Younger describes the childhood incident as a moment that changed his life in the worst possible way.
The man, a neighbor, convinced Younger to help him look for the person who broke his garage window. They drove to a dead-end street where the man sexually abused Younger, then drove away, leaving him standing in the street.
“After that, I was never the same,” he said. “I was actually waiting for someone to come get me, but no one did. So I walked home, went inside my bedroom closet and cried until I fell asleep.”
It wasn't the first time Younger had been abused, or the last. Predators included strangers, friends, and other family members. There were nine in all.
Though shocking, Younger's experience isn't all that uncommon. According to the Centers for Disease Control and Prevention, most sexual violence victims were raped before age 18.
Younger's abuse had a profound impact on his life. He had a violent temper, was promiscuous during his adolescent and late teen years, and trusted no one.

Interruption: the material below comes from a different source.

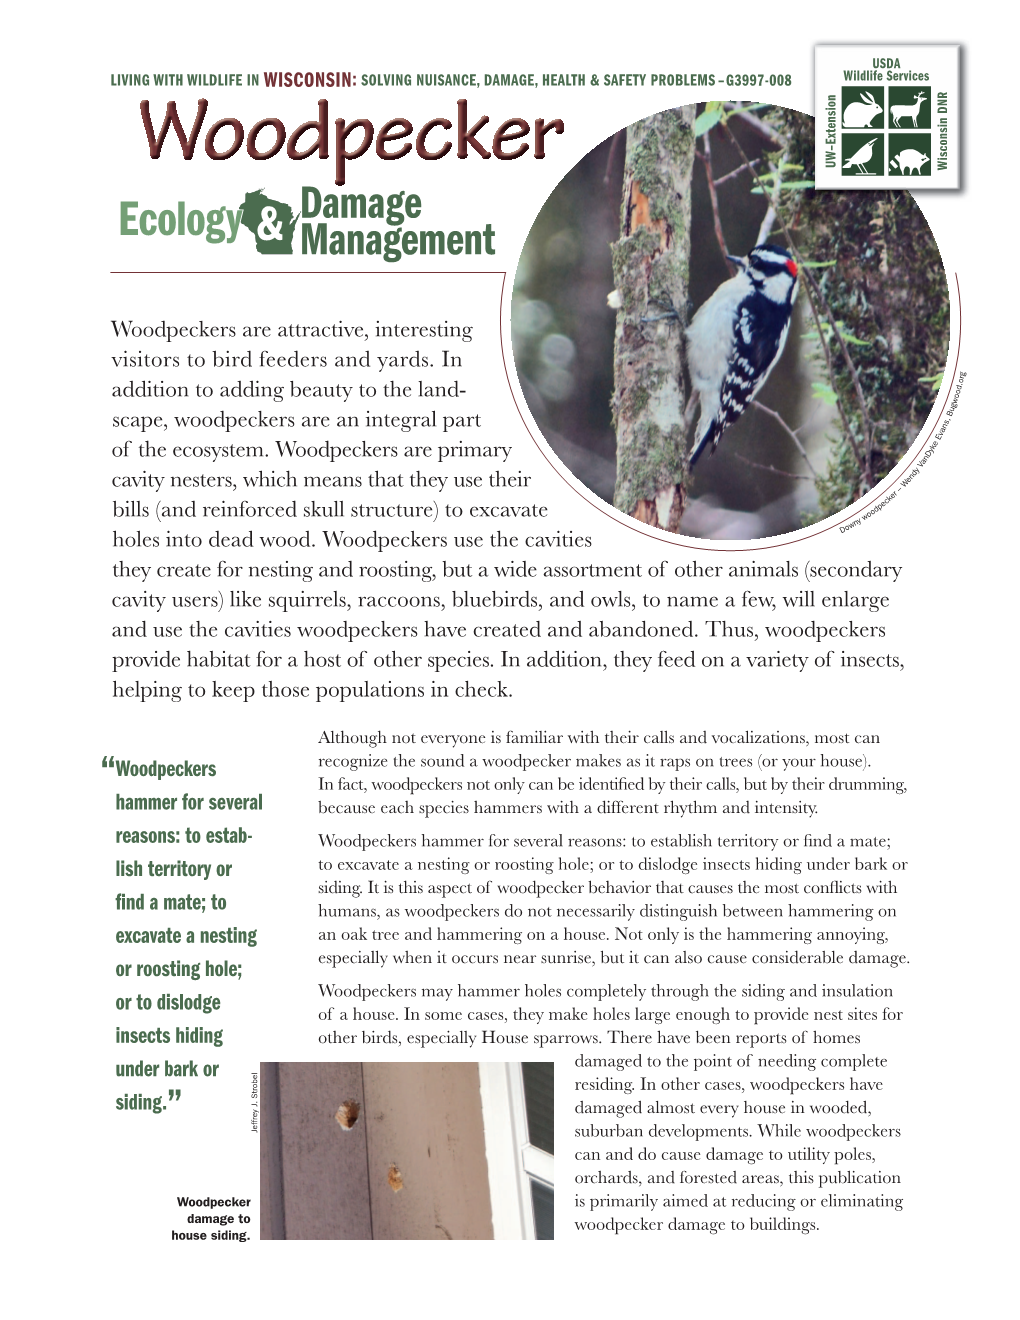 Woodpecker Ecology and Damage Management (G3997-008)

He carried some of those traits into his marriage, which ended in 2006 after 22 years.
The end of his marriage signaled the beginning of recovery. He underwent counseling, seeking help from several therapists. But it wasn't until earlier this year when he sent a letter to Dr. Phil explaining his experience that his recovery took a dramatic turn.
Younger describes Dr. Phil's tough-love approach as “therapy on steroids.”
Younger has also written about his experience in a book, “Moon Cussers – My Life Story of Healing from Sexual Child Abuse.”
A writer and conference speaker, Younger also launched The Butterfly Gateway foundation, which helps victims overcome their abuse though awareness and recovery tools and resources. It includes a series of books to help kids and their parents educate themselves about sexual abuse.
“I didn't just want to tell my story. I wanted to help people because there are a lot of damaged individuals that have had this happen to them. They don't talk about it. But they walk around with shame, doubt and regret, and they don't have to, because there's healing for those bad situations.